So I've been wondering for a while why the Windows build was extremely slow at some things, and since adding proper grass to some of the maps, loading on Windows became an interminable process so something needed to be done. I googled a bit, and what did I find? This. For those of you who didn't immediately click on that link and read it, the short version is that Microsoft's STL implementation in Visual C++ blows. Hard. Admittedly the post is referring to the 2005 version and I'm using 2008, but since my symptoms match exactly (80% CPU wasted in RtlReAllocateHeap), I have to assume that they haven't fixed it.

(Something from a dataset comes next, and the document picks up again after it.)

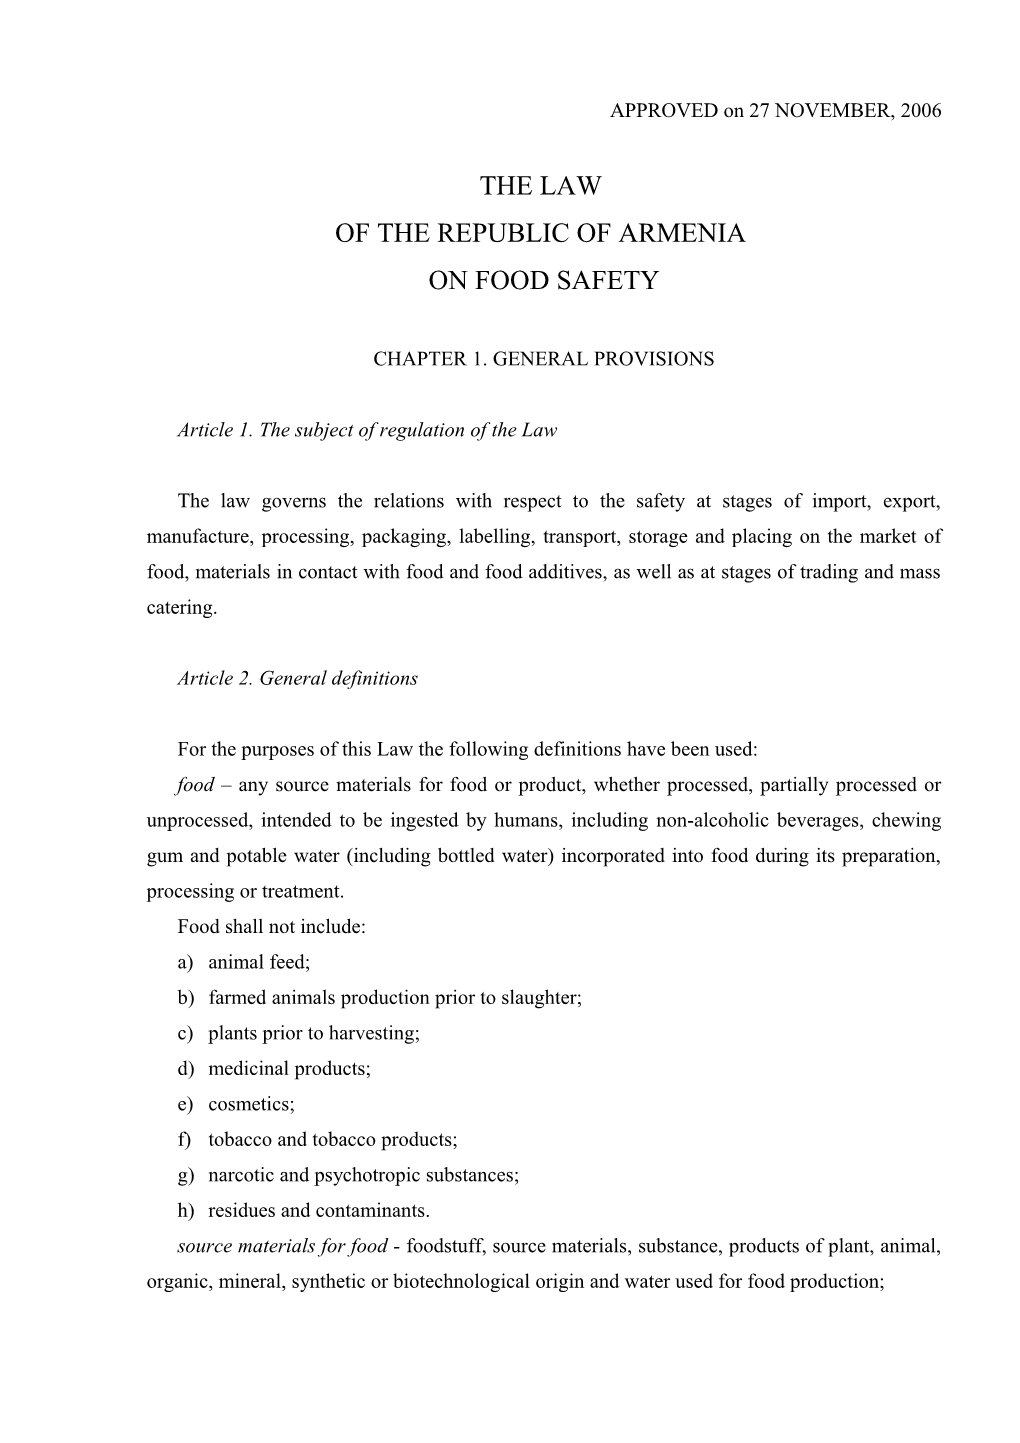 The Law of the Republic of Armenia on Food Safety

And yes, I've already disabled _SECURE_SCL (don't get me started on the idiocy of enabling that in release builds).
My two options at this point are ditching the MS STL implementation and using something like STLPort, which seems like a solid STL from what I read, or just ditching Visual Studio altogether and using MinGW. The latter is looking like the more attractive of the two since STLPort seems to have a fairly involved installation method, and with Code::Blocks I think I can probably get back up and running with MinGW with relatively little effort on my part. In retrospect I should have just used that in the first place, but I wasn't familiar with it at the time and I had heard such good things about Visual Studio so I had to try it. My mistake.
Anyway, it's nice to know that, like death and taxes, Microsoft can always be counted on to disappoint. I don't care how good your IDE is if your compiler is, for my purposes anyway, broken.